Quantum Fluctuations and the Exchange Bias Field
G.J. Mata, E. Pestana, M. Kiwi, and H. Dreysse

TL;DR
This paper explains how quantum ground-state fluctuations at surfaces and interfaces cause a small magnetic dipole density, influencing the exchange bias field and its temperature dependence in antiferromagnets and nanoparticles.
Contribution
It introduces a fluctuation-based explanation for the exchange bias field arising from surface and interface effects in quantum antiferromagnets.
Findings
Surface and interface fluctuations create a magnetic dipole density.
This dipole density accounts for the observed exchange fields.

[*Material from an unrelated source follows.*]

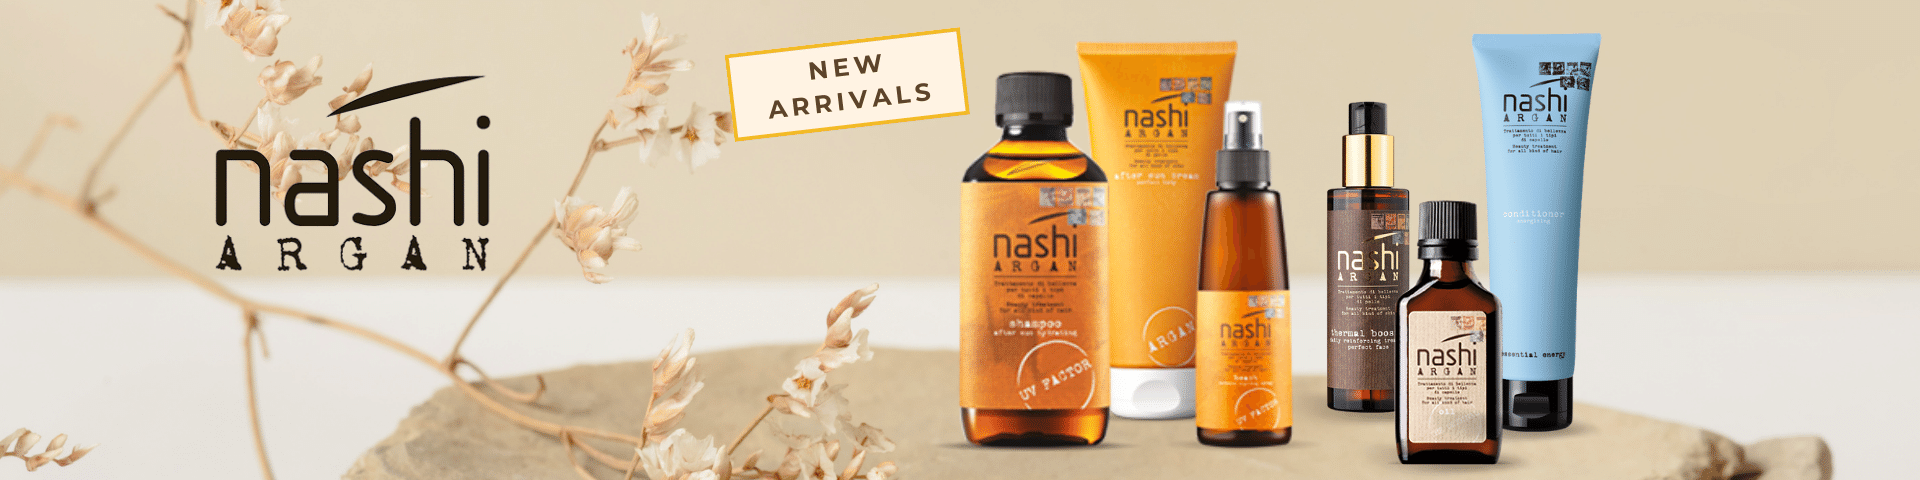 Nashi Argan Produkte bei Belando

Temperature changes affect the dipole density and exchange field.
Abstract
Ground-state fluctuations reduce the zero-temperature magnetic moments of the spins in a quantum antiferromagnet. In the neighborhood of surfaces, interfaces, and other defects which break translational symmetry, these fluctuations are not uniform. Because of this the magnetic moments of up and down spins do not exactly compensate each other--as they do in a bulk antiferromagnet. At a surface or interface this leads to a small magnetic dipole density. The corresponding dipole field can account for the magnitude of observed exchange fields. At finite temeperatures localized surface (interface) excitations are populated and change the dipole density. This gives rise to the temperature-dependence of the exchange field. We expect the fluctuation-induced surface dipole density to play a role in the magnetic properties of antiferromagnetic nano-particles, as well.